Posted to commits@arrow.apache.org by ra...@apache.org on 2019/08/09 12:54:35 UTC
[arrow] branch master updated: ARROW-6137: [C++][Gandiva] Change
output format of castVARCHAR(timestamp) in Gandiva
This is an automated email from the ASF dual-hosted git repository.

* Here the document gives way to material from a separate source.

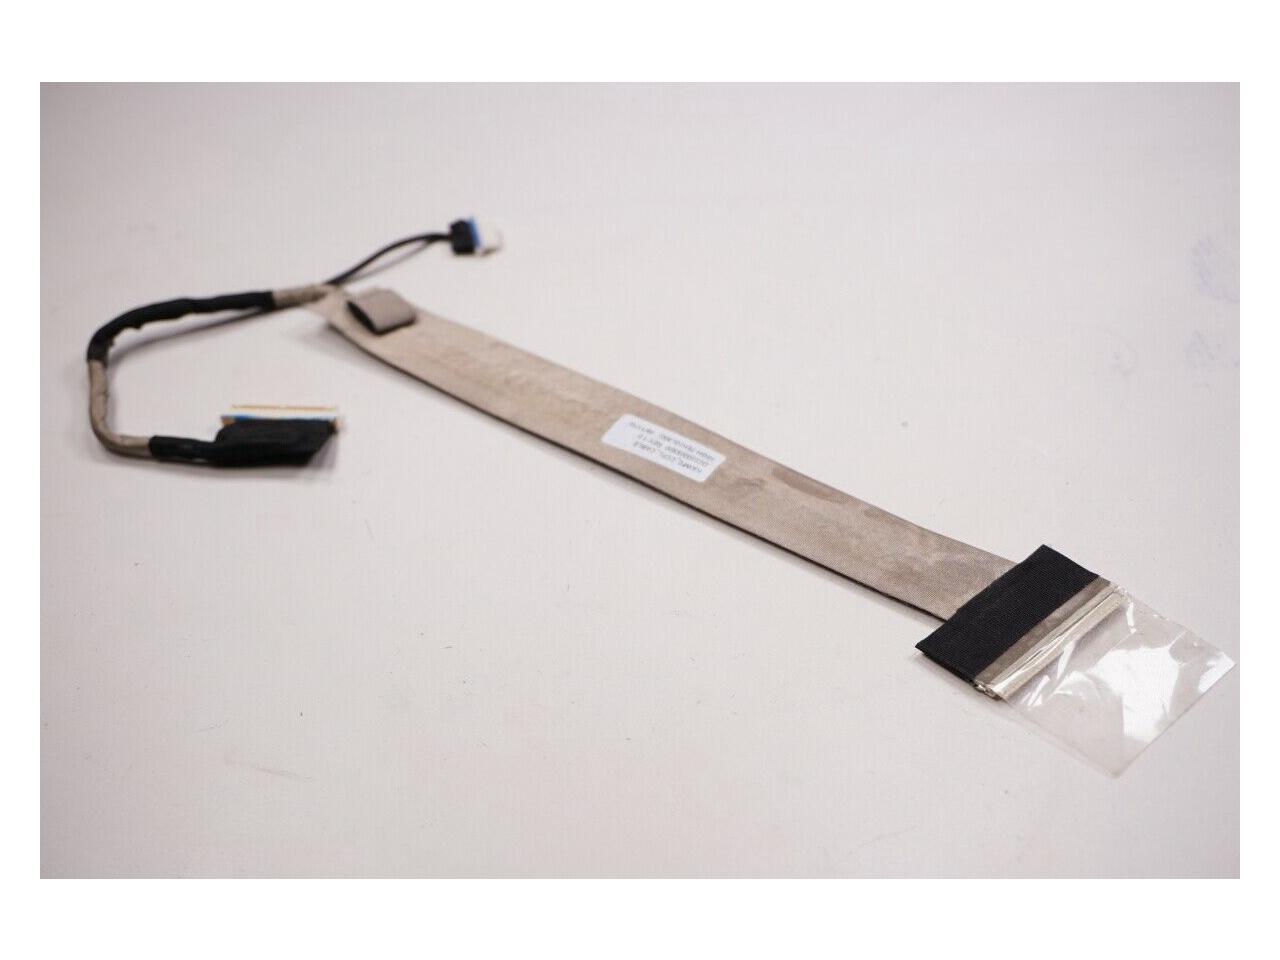 50.PJA01.005 Acer Aspire Series 7540 LCD Cable 
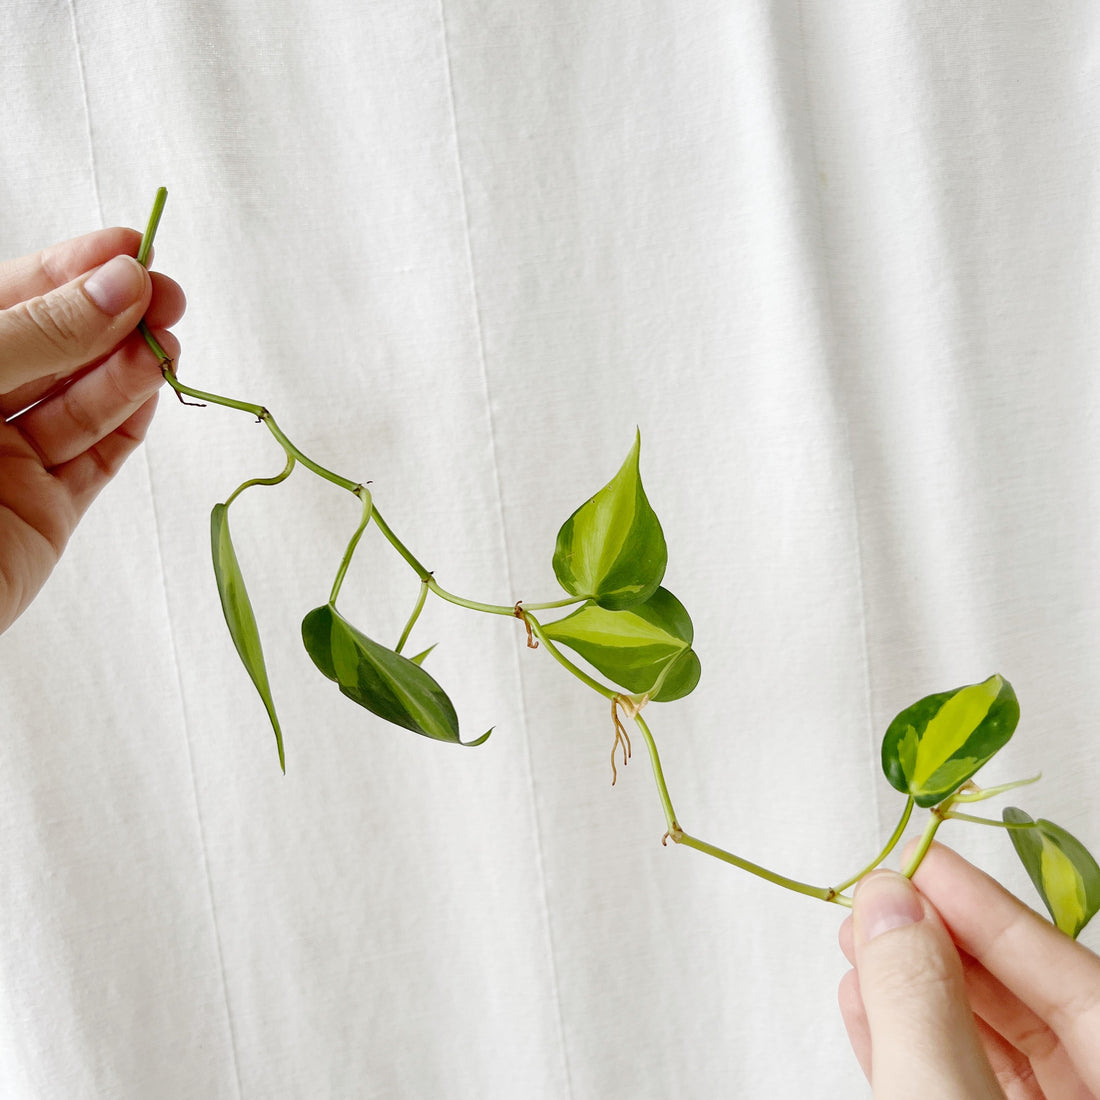 Pruning Your Houseplants: Everything You Need to Know about Why When + How!

ravindra pushed a commit to branch master
in repository https://gitbox.apache.org/repos/asf/arrow.git
The following commit(s) were added to refs/heads/master by this push:
new efeecfb ARROW-6137: [C++][Gandiva] Change output format of castVARCHAR(timestamp) in Gandiva
efeecfb is described below
commit efeecfb21f2f6c46ef9267ffec3a79ba8fb792e3
Author: Prudhvi Porandla <pr...@icloud.com>
AuthorDate: Fri Aug 9 18:24:10 2019 +0530
ARROW-6137: [C++][Gandiva] Change output format of castVARCHAR(timestamp) in Gandiva
Format timestamp to yyyy-MM-dd hh:mm:ss.sss
Closes #5014 from pprudhvi/timestamp-to-string and squashes the following commits:
3cfad34ba <Prudhvi Porandla> do not hardcode ts length
f1867e815 <Prudhvi Porandla> add java unittest
93c6bf490 <Prudhvi Porandla> use iomanip to format timestamp
35e74318a <Prudhvi Porandla> uset inttypes.h
c3ea53885 <Prudhvi Porandla> cast to long long int
1e389e2a6 <Prudhvi Porandla> use snprintf, return const char*
73c39f41e <Prudhvi Porandla> error message if out_len is negative
838947307 <Prudhvi Porandla> return empty string if out_len is zero
637562282 <Prudhvi Porandla> refactor
124b6dc34 <Prudhvi Porandla> correct castVarchar(timestamp) method
Authored-by: Prudhvi Porandla <pr...@icloud.com>
Signed-off-by: Pindikura Ravindra <ra...@dremio.com>
---
cpp/src/gandiva/precompiled/time.cc | 37 ++++++++--
cpp/src/gandiva/precompiled/time_test.cc | 19 +++++
cpp/src/gandiva/precompiled/types.h | 1 +
.../arrow/gandiva/evaluator/ProjectorTest.java | 80 ++++++++++++++++++++++
4 files changed, 131 insertions(+), 6 deletions(-)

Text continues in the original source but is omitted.